Section 758 abrogated the old rule holding that the death of a joint obligor discharged his liability. ( Polhemus Printing Co. v. Wynkoop, 30 App. Div. 524.) We are satisfied that the contention of the defendant Dounce that he could not be joined as a defendant in this action is not sustained by the authorities.
The defenses are, in substance: First, that the plaintiff relieved the defendant of liability on the bond or of the obligation to procure a sub-lease because, without the consent of the defendant or of Wynkoop Hallenbeck, and of its own volition, it negotiated with the owners of the premises and secured a new lease; second, that the plaintiff so interfered with Wynkoop Hallenbeck in their negotiations with the owners of the premises as to prevent that firm from securing a renewal of the lease, pursuant to their contract with the plaintiff. We do not find that the case differs in any essential feature from the condition in which it stood when it came before us on a former appeal ( 30 App. Div. 524). The same questions are discussed and upon substantially the same proofs. We held upon the former appeal and now hold, that the bond upon which the plaintiff's cause of action arises must be construed in connection with the lease from Wynkoop Hallenbeck to the plaintiff.

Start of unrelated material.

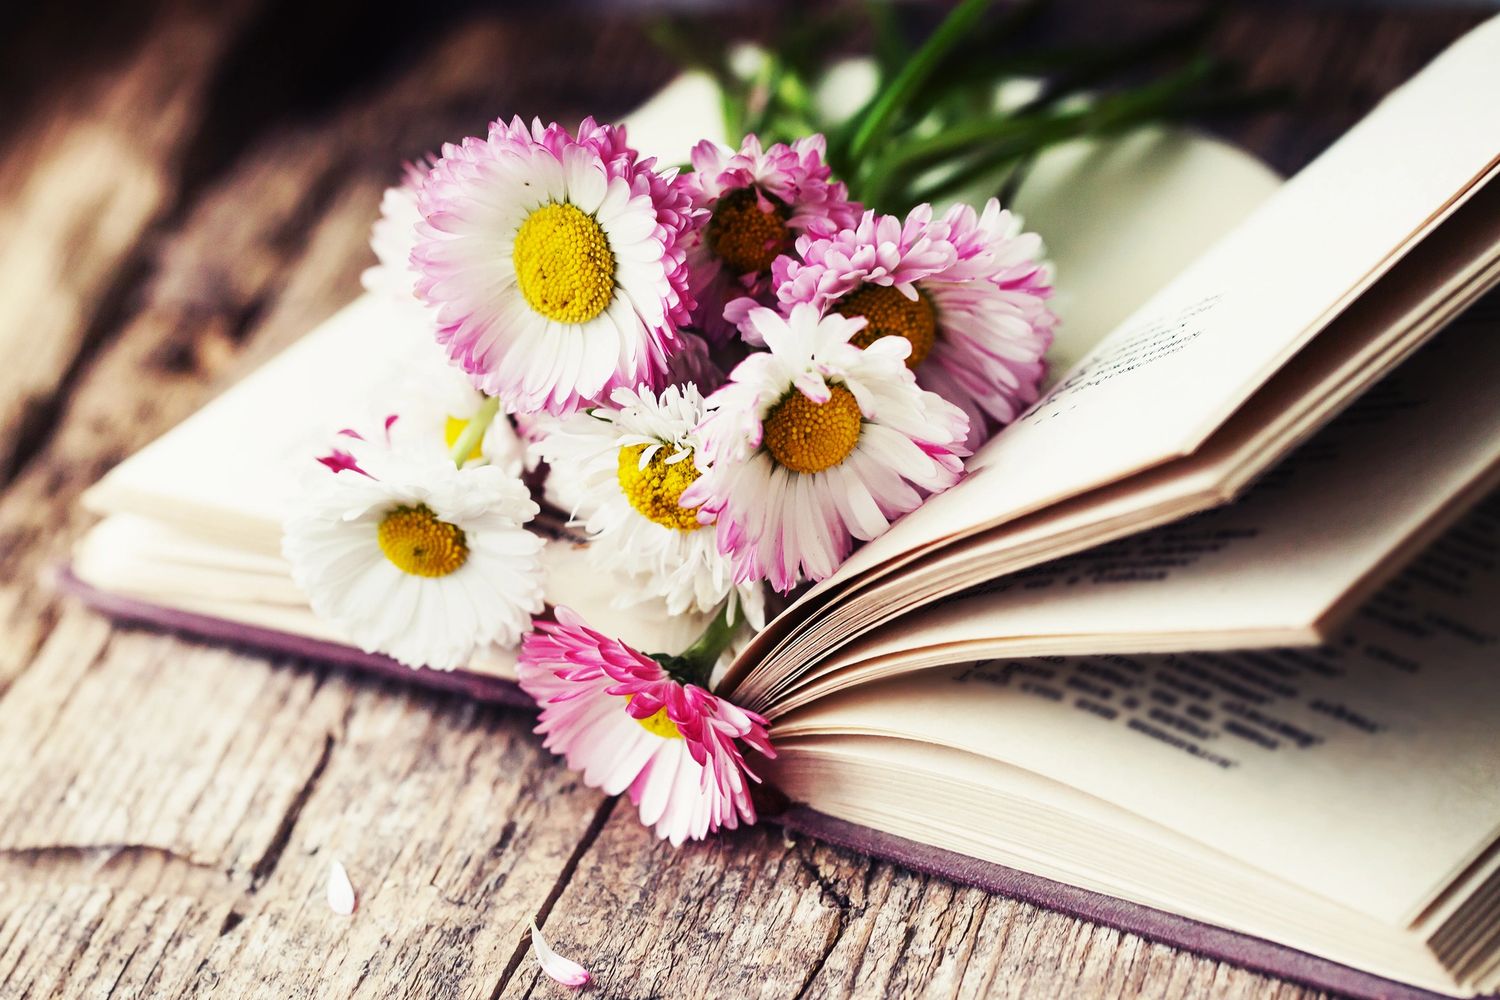 Flowering books

Defendant cannot escape liability upon his covenant merely because he has been compelled to pay an increased rent or to submit to more onerous conditions. ( Robinson v. Beard, 140 N.Y. 107, 113; Polhemus Printing Co. v. Wynkoop, 30 A.D. 524; Hausauer v. Dahlman, 18 id. 475; affd., 163 N.Y. 567; 24 Cyc. 997.) "The only way by which the obligation of such a covenant can be escaped is by the covenantor's abandonment of the estate, without a direct or indirect renewal of his own tenancy."